In preparation for potential marketing approval, we continue to build out our pre-launch and commercial activities, including our disease awareness campaign targeting key stakeholders including hematologist-oncologists, dermatologists, and pathologists.
ELZONRIS – Other potential indications

ELZONRIS is also being evaluated in clinical trials in additional indications including chronic myelomonocytic leukemia (CMML) and myelofibrosis (MF).

Clinical data from ongoing trials in patients with CMML and MF were selected for presentation at EHA (Free EHA Whitepaper) in June.

In relapsed/refractory CMML (n=16 patients), ELZONRIS demonstrated 100% (8/8) spleen responses in evaluable patients with baseline splenomegaly by physical exam and 2 bone marrow complete responses (BMCRs), coupled with a tolerable safety profile. Given the results observed to date, we are currently formulating registrational trial designs.

In relapsed/refractory MF (n=15 patients), ELZONRIS demonstrated 50% (6/12) spleen responses in evaluable patients with baseline splenomegaly (>5 cm palpable below the costal margin by physical exam), coupled with a tolerable safety profile. Given the results observed to date, we are currently evaluating next steps including possible registrational trial designs.
SL-801

Data from the ongoing Phase 1 trial of SL-801 in patients with advanced solid tumors were presented at the 2018 American Society of Clinical Oncology (ASCO) (Free ASCO Whitepaper) annual meeting in June. Patient enrollment and dose escalation continues.
SL-701

Data from the Phase 2 trial of SL-701 in patients with second-line glioblastoma (GBM) were presented at the 2018 ASCO (Free ASCO Whitepaper) meeting in June. Notably, there were long-term (>12 month) overall survivors in the SL-701+bevacizumab cohort which consisted primarily of patients who demonstrated an elevated immune response (i.e. potentially representing an "immunocompetent" population). Further analyses, including registration-directed designs are ongoing.
Ivan Bergstein, MD, CEO of Stemline, commented, "We have completed our rolling BLA submission and are quickly approaching the very important milestone of a potential BLA acceptance for filing by the FDA. We continue to advance closer to our ultimate goal of potentially making ELZONRIS widely available to patients with BPDCN. In parallel, ELZONRIS continues to generate very promising clinical data in additional indications including CMML and MF, two settings of unmet medical need for which we are actively evaluating registration pathways. Additionally, we continue to expand our commercial infrastructure including the build out of our sales and marketing teams ahead of our potential approval."

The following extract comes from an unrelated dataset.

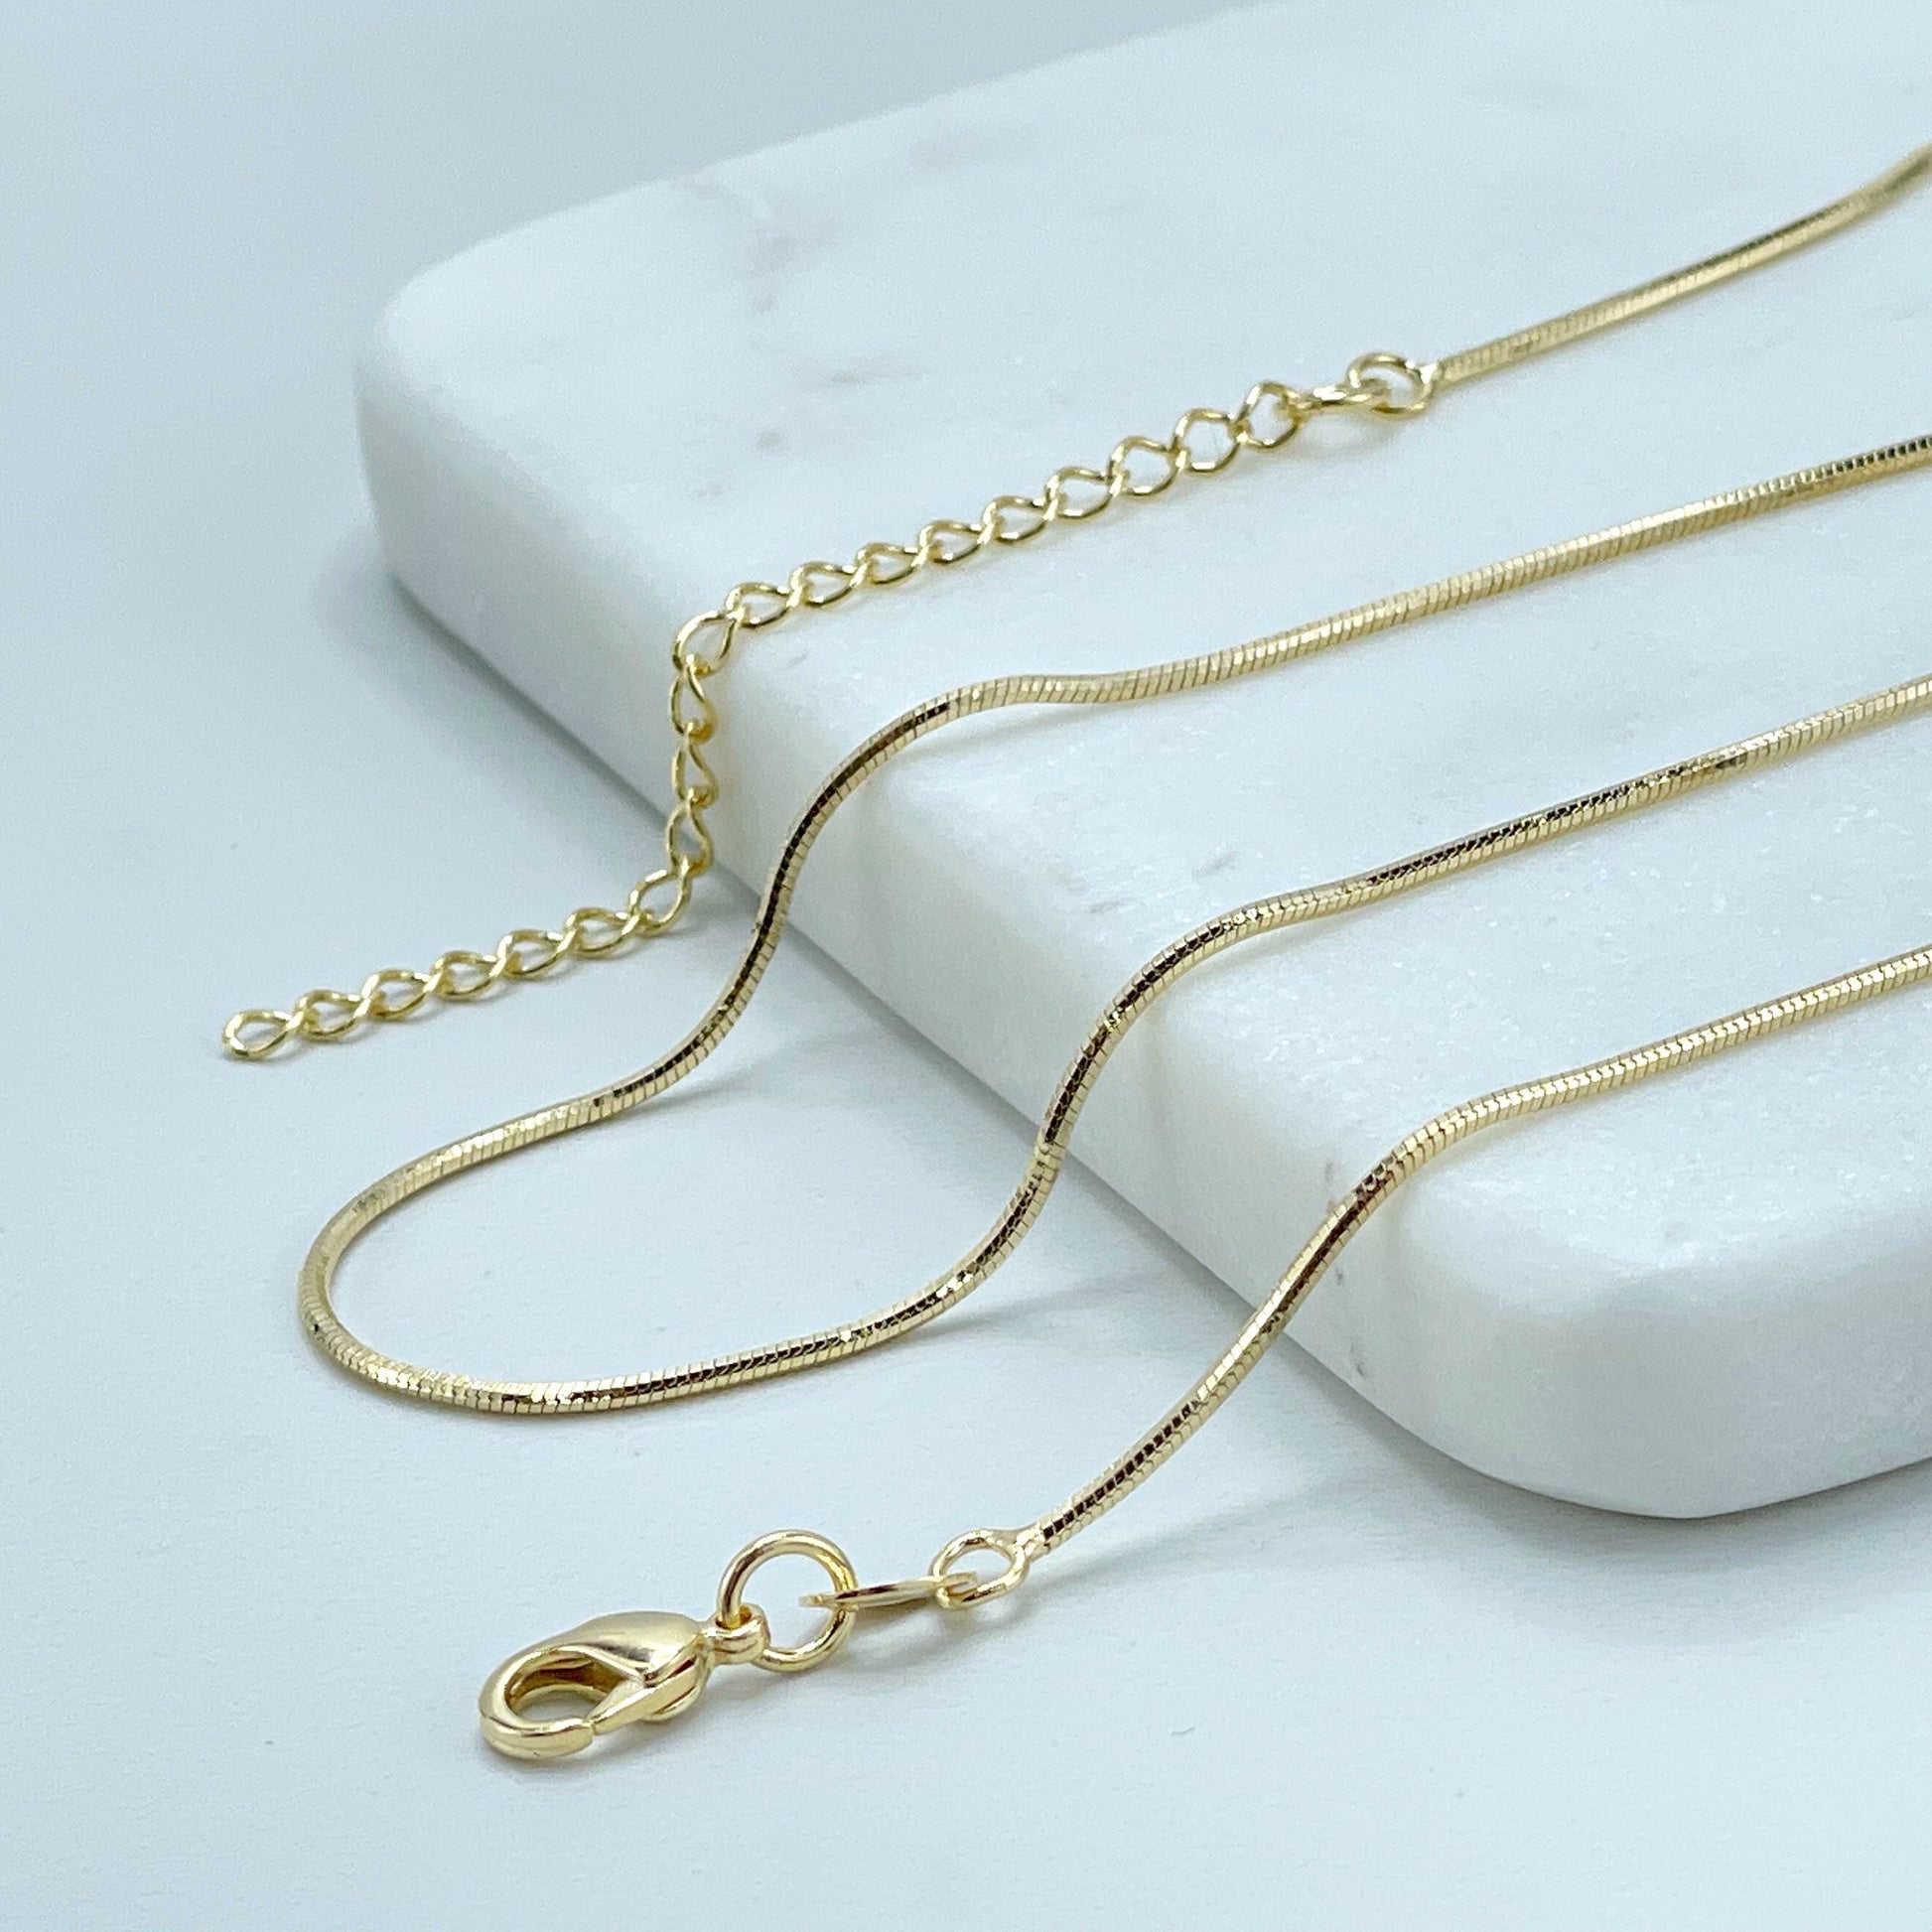  14k Gold Filled 1mm Necklace Extender Chain 1, 2, 3

Second Quarter 2018 Financial Results Review
Stemline ended the second quarter of 2018 with $97.1 million in cash, cash equivalents and investments, with a cash burn of $17.6 million in the second quarter. The Company ended the second quarter of 2018 with 30.9 million shares outstanding. For the second quarter of 2018, Stemline had a net loss of $18.9 million, or $0.66 per share, compared with a net loss of $15.5 million, or $0.66 per share, for the same period in 2017.

Research and development expense was $11.2 million for the quarter ended June 30, 2018, compared with $11.5 million for the quarter ended June 30, 2017, representing a decrease of $0.3 million.

General and administrative expense was $8.6 million for the quarter ended June 30, 2018, compared with $4.5 million for the quarter ended June 30, 2017, representing an increase of $4.1 million. The increase in expense was primarily attributed to a $3.0 million increase in pre-launch expenses in support of our potential commercialization of ELZONRIS in BPDCN, if marketing approval from the FDA is received. Additionally, the higher expense was also due to an increase of non-cash stock-based compensation expense and increased headcount.